In the US, with our substandard health care, long waits, and incredible expense, cancer death rates are dropping. Oh, and that’s with better detection and people living longer, both things that should make this look worse, not better.
Of course, on the same day, the news was released that The One will appoint Dr. Donald Berwick to run Medicare. As a recess appointment (something Candidate Obama wouldn’t have done) to avoid scrutiny of his record, which some might find a touch troubling.
“Please don’t put your faith in market forces,” he said (italics in original). “It’s a popular idea: that Adam Smith’s invisible hand would do a better job of designing care than leaders with plans can. I find little evidence that market forces relying on consumers choosing among an array of products, with competitors fighting it out, leads to the healthcare system you want and need. In the US, competition is a major reason for our duplicative, supply driven, fragmented care system.”
Berwick argued that purposely provided an inadequate supply of health-care—as Britain’s health-care system does—is superior to allowing the market to provide an excess.

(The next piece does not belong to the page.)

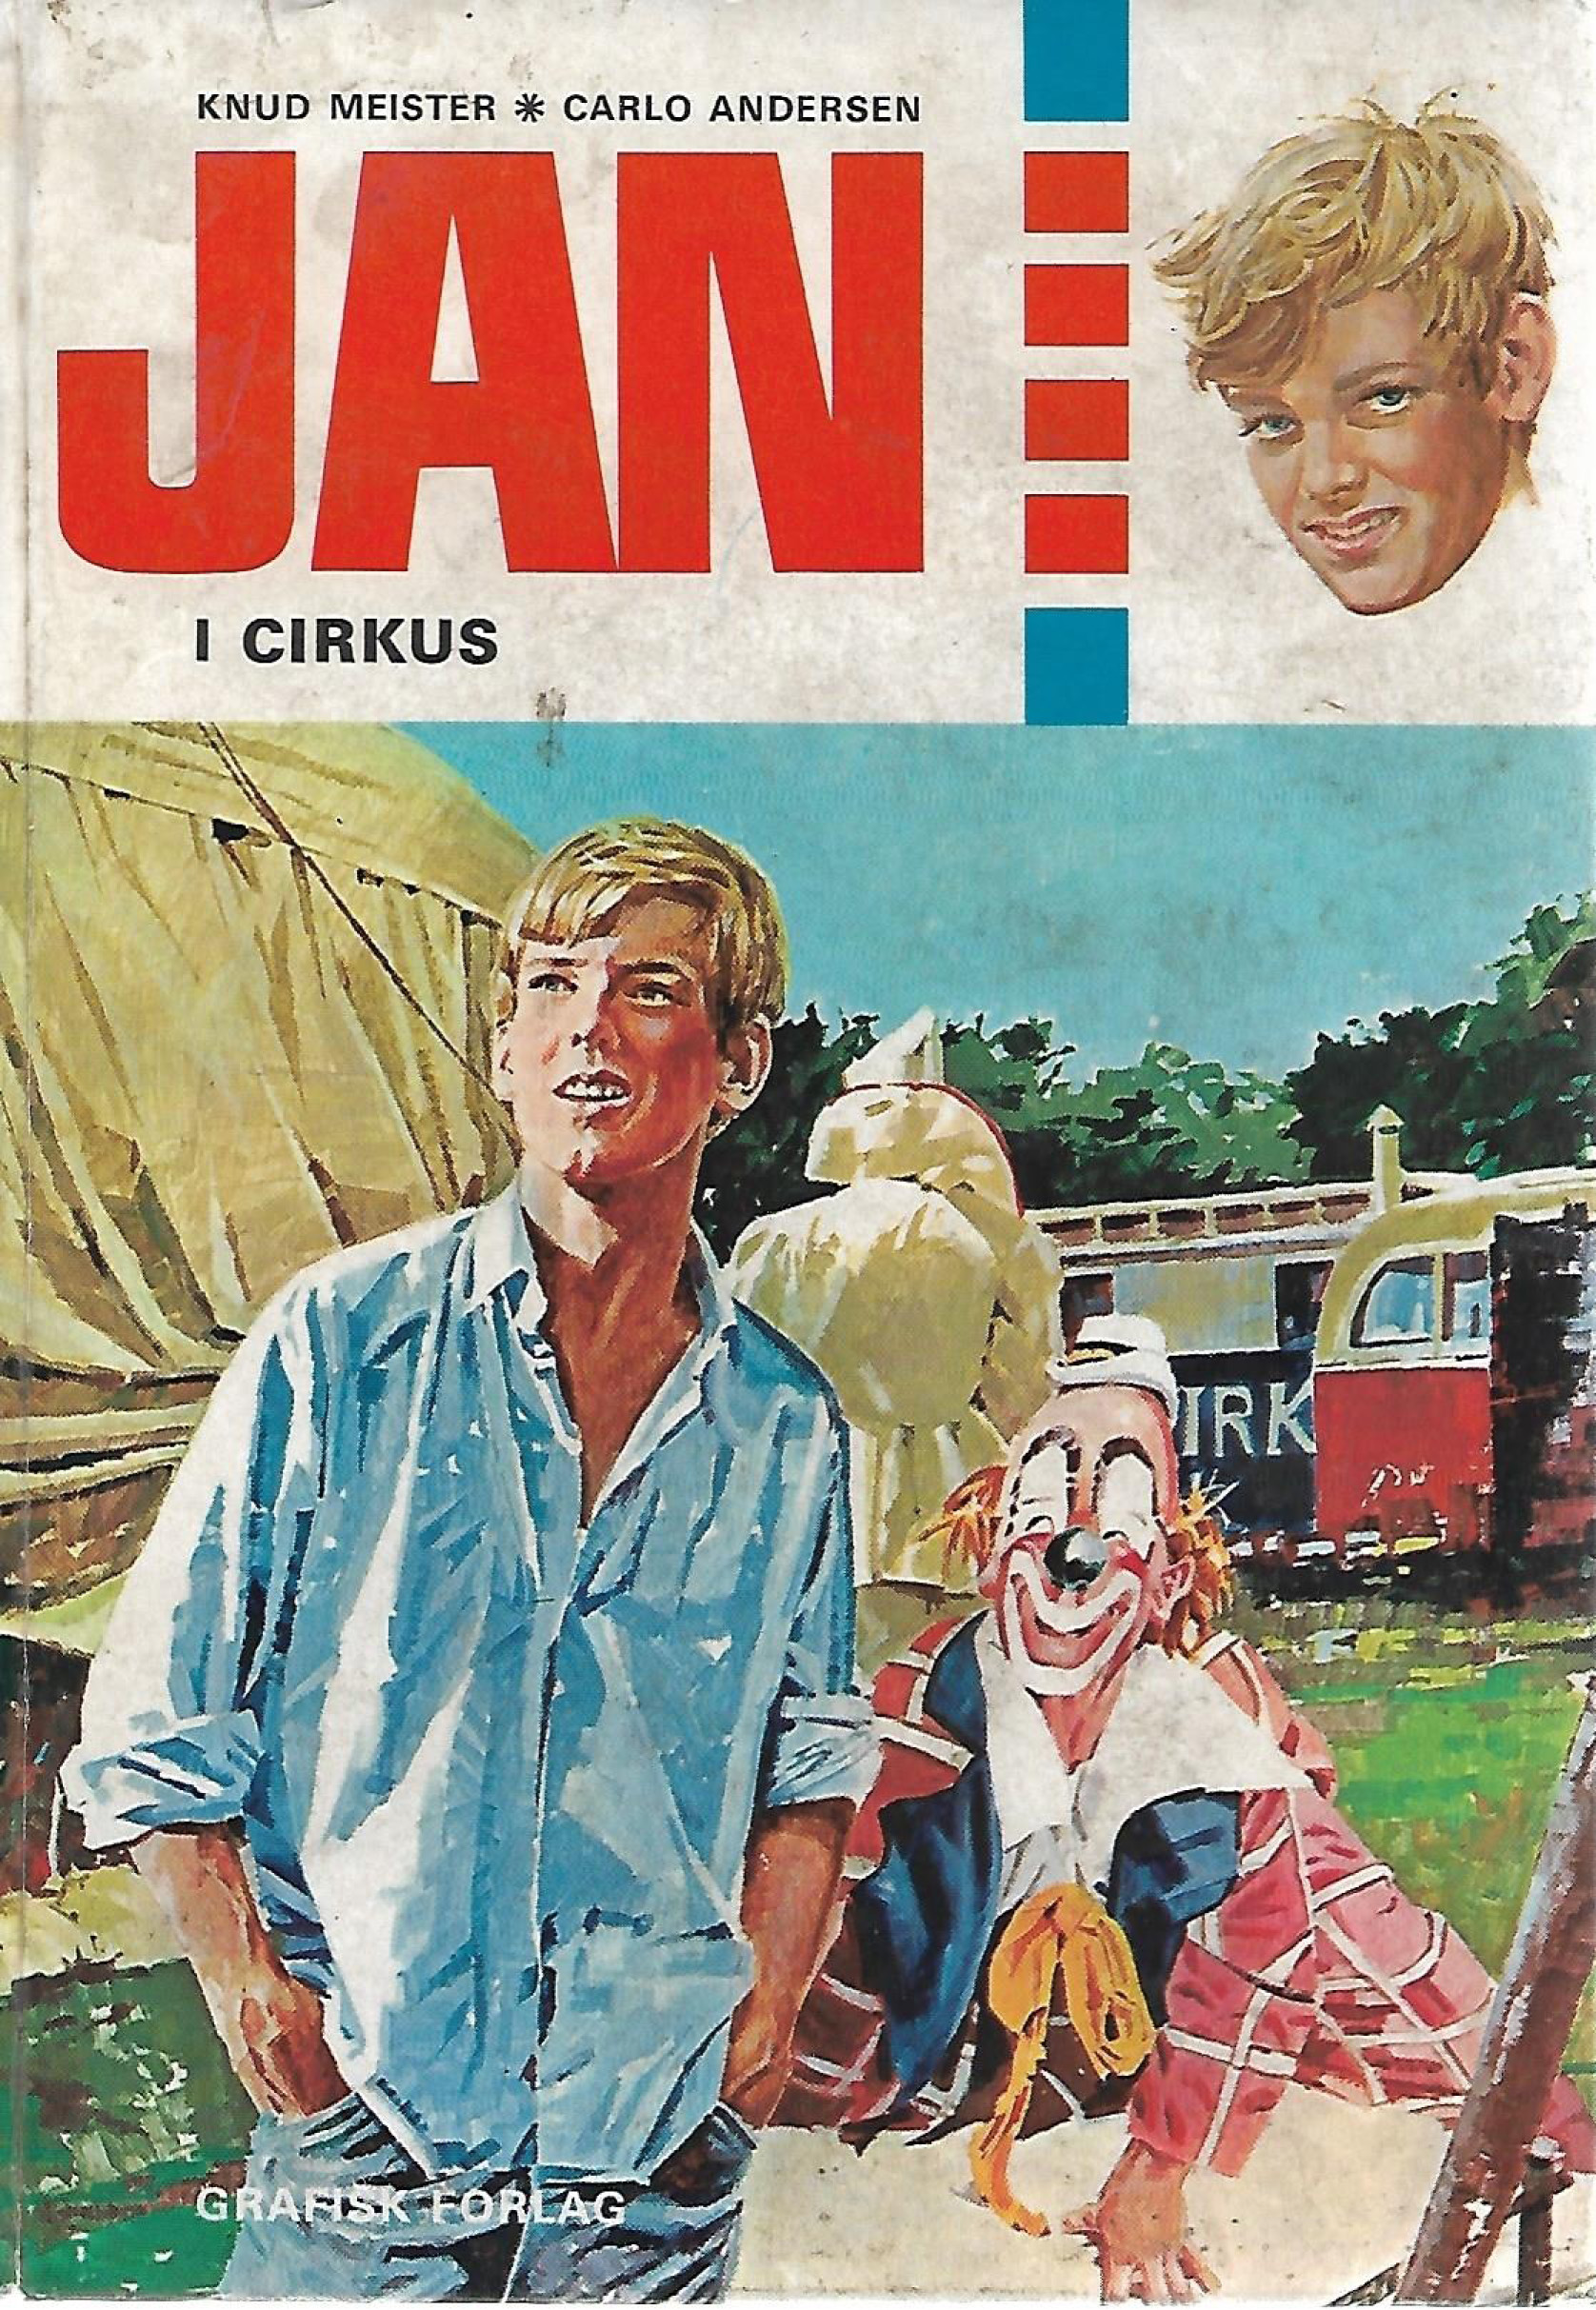 Jan i cirkus - Knud Meister og Carlo Andersen-1

“In America, the best predictor of cost is supply; the more we make, the more we use—hospital beds, consultancy services, procedures, diagnostic tests,” Dr. Berwick wrote. “… Here, you choose a harder path. You plan the supply; you aim a bit low; you prefer slightly too little of a technology or a service to too much; then you search for care bottlenecks and try to relieve them.”

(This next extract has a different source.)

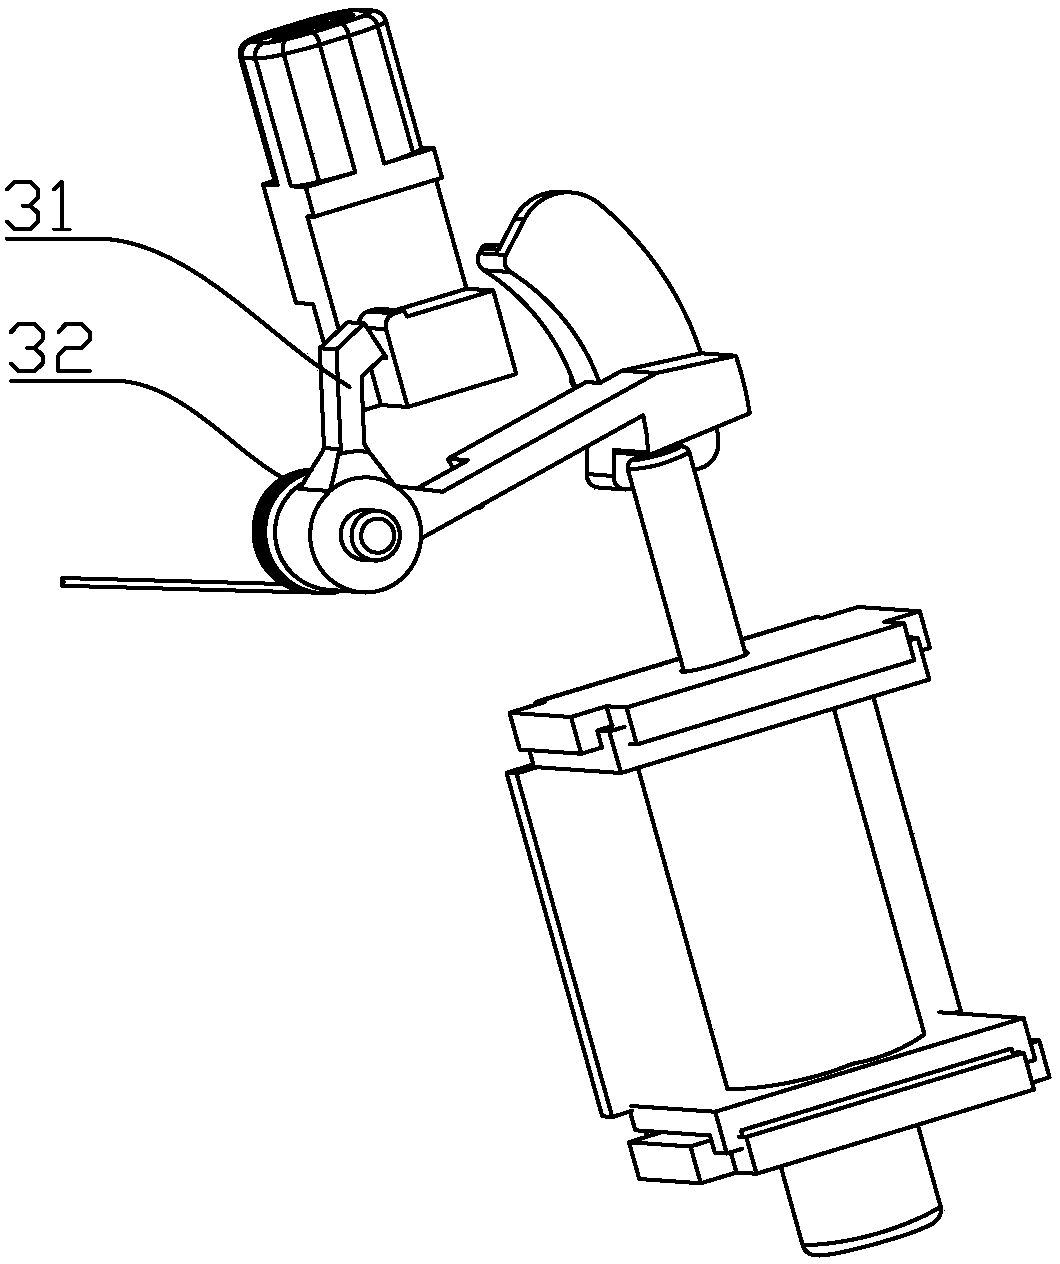 Tripping mechanism of electric leakage breaker

Because everyone knows that mean old free market with its excessive healthcare availability can’t possibly be as good as one with planned shortages.
In case it didn’t catch your eye the first time, this is the mantra of state run, centrally planned healthcare:
You plan the supply; you aim a bit low; you prefer slightly too little of a technology or a service to too much; then you search for care bottlenecks and try to relieve them.
Good luck with that. I’m gonna buy it on my own.